Hits close to home. I do a lot of data conversion, arrangement and manipulation on the CLI. When some coworker inherits any of those tasks and I explain how to do it, the answer tends to be "Aaaaallright, I'll use Excel".

piqufoh · on Dec 3, 2012

Up for unix and "EDA is the lingua franca of data science". What you can do and discard on the unix CLI takes many times longer on certain GUI based OSes.

nipunn1313 · on Dec 3, 2012

head -3 data* | cat has the same result as head -3 data*

Pipe sends stdout to stdin of the next process. cat sends stdin back to stdout. Piping to cat is rarely eventful (unless you use a flag like cat -n).

pepve · on Dec 3, 2012

Some tools adjust their output based on it going to a terminal or not. Try 'ls' versus 'ls | cat'.

mseebach · on Dec 3, 2012

Indeed. I often use ps | cat to get the full command line for processes (that's otherwise truncated). All hail Java command lines.

jcurbo · on Dec 3, 2012

Try 'ps auxw' - the w enables wide output.

mlni · on Dec 3, 2012

And for really wide commands (like java) you can add another w to get the whole thing: ps auxww

ralph · on Dec 3, 2012

He writes

    (head -5; tail -5) <data

but that's a bit misleading. These don't work.

    seq 20 | (head -5; tail -5)
    (head -5; tail -5) < <(seq 20)

Both giving just the first five lines.

js2 · on Dec 4, 2012

For those who don't follow why this is. In the first case, data is dup'ed to stdin and so remains seekable. This is important since head buffers reads (typically 8k at a time) for efficiency, then uses lseek to reposition to just after the requested number of lines. If reading from a pipe as in the second case, lseek() fails and by the time tail runs, head has consumed all of the file.

If you use "seq 10000 | (head -5; tail -5)" you'll get the first and last lines as expected since head hasn't consumed too much of the file.

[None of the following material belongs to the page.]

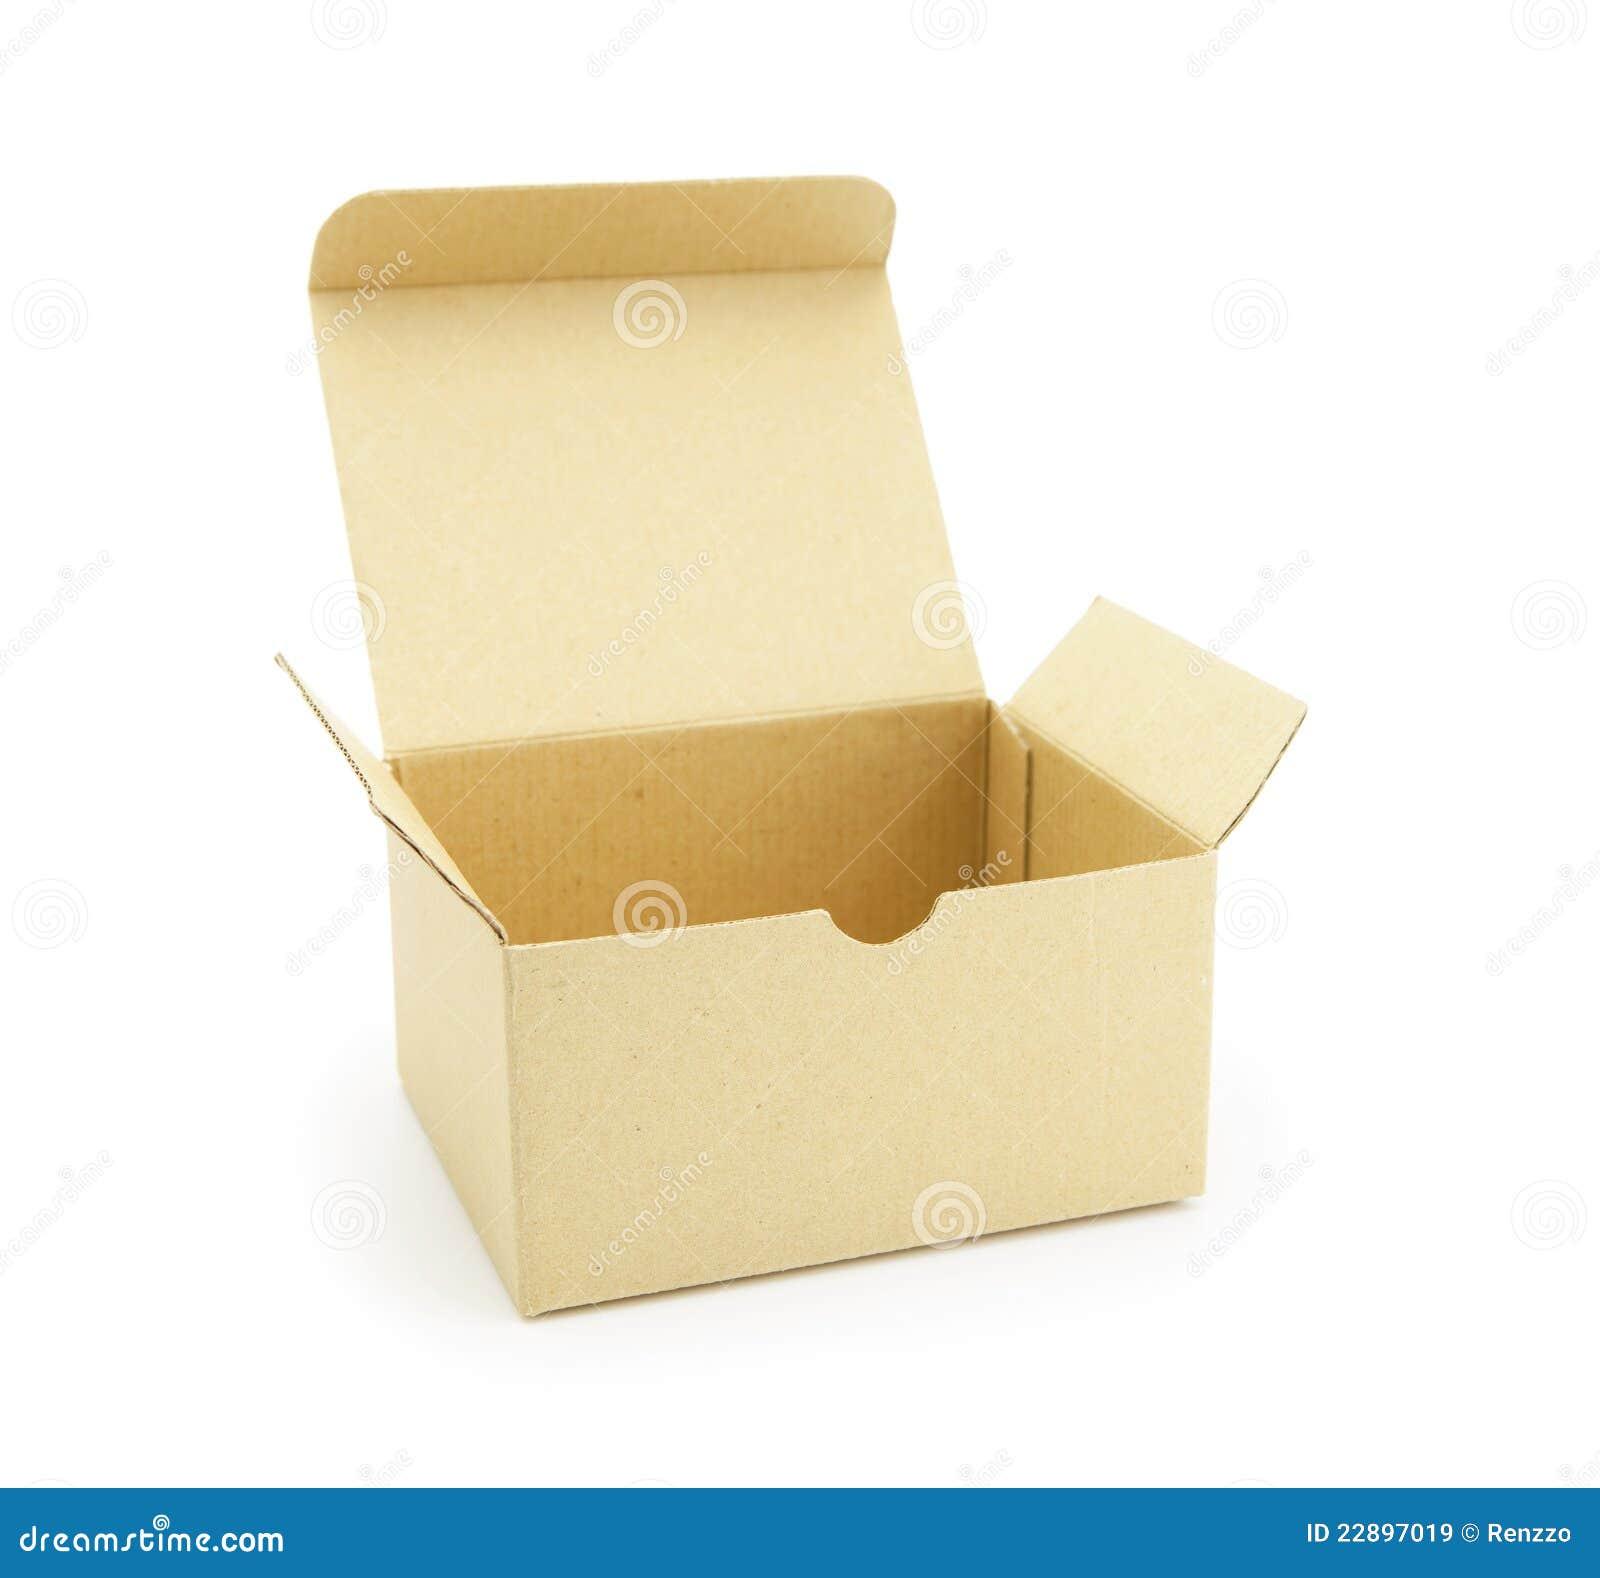 cardboard box with flip open lid stock image image 22897019. Black Bedroom Furniture Sets. Home Design Ideas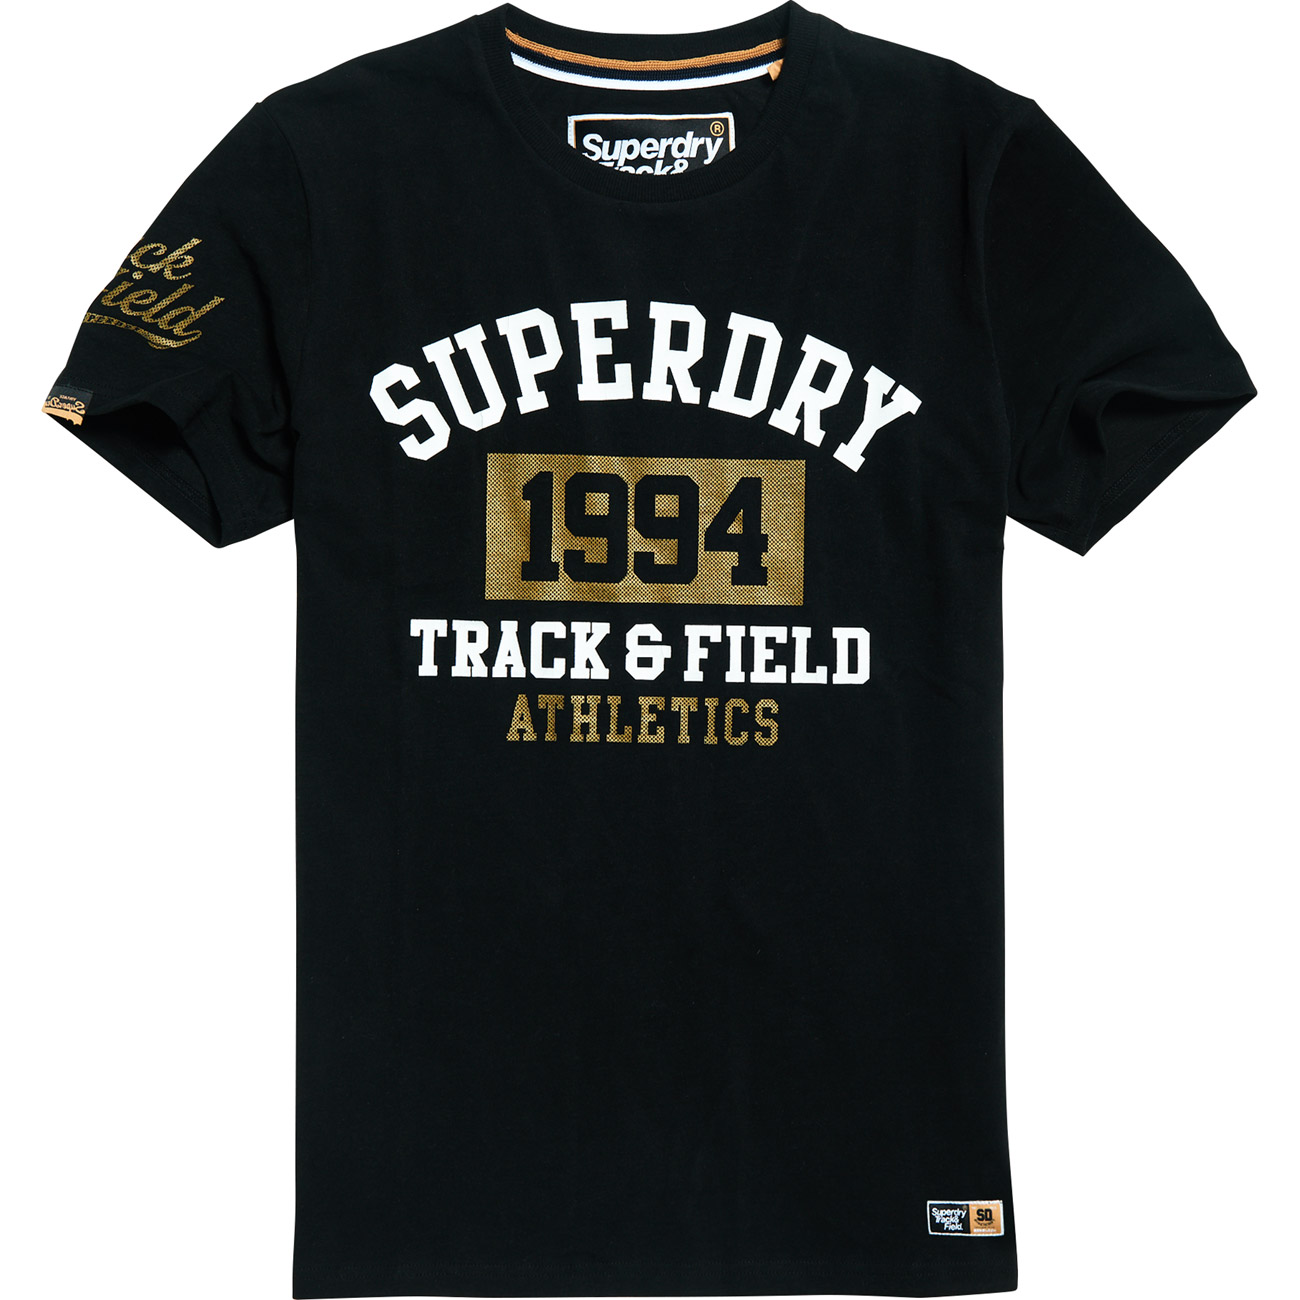 Superdry Herren Kastenförmiges 1994 Metallic T-Shirt

I don't think this invalidates his example, but it could mention this subtle caveat. :-)

derekp7 · on Dec 4, 2012

Are you saying his example doesn't work, or that it can't be extended to your two examples? Because when working on a file it works fine -- just not through a pipe (which both your examples are).

    seq 1 20 >file.txt
    (head -5; tail -5) <file.txt

ralph · on Dec 4, 2012

I'm complaining his example doesn't work in the more general case and that he should warn of this or give a better more general solution. I'm aware of why it doesn't work.

keithpeter · on Dec 3, 2012

rs and lam look interesting. Are these commands really only available on BSD (i.e. 'proper' Unix derivatives)? Hoping for Linux compilable code.

p4bl0 · on Dec 3, 2012

There is a "rs" package in Debian so it must be available on most Linux distributions. Otherwise it should be quite straightforward to port the code since it doesn't do anything complicated.

keithpeter · on Dec 3, 2012

http://svnweb.freebsd.org/base/release/9.1.0/usr.bin/lam/

http://svnweb.freebsd.org/base/release/9.1.0/usr.bin/rs/

Not finding 'describe' at present (I shall persist). There seem to be few dependencies in these source files...

unimpressive · on Dec 3, 2012

https://github.com/drbunsen/describe/

It was a utility written by the author for his analysis work.

mturmon · on Dec 4, 2012

"describe" is a nice idea. Just knowing the range, the mean, and the second moment can be helpful.

_hnwo · on Dec 3, 2012

I'd be interested in what Seth's setup/theme/os of choice is .. :)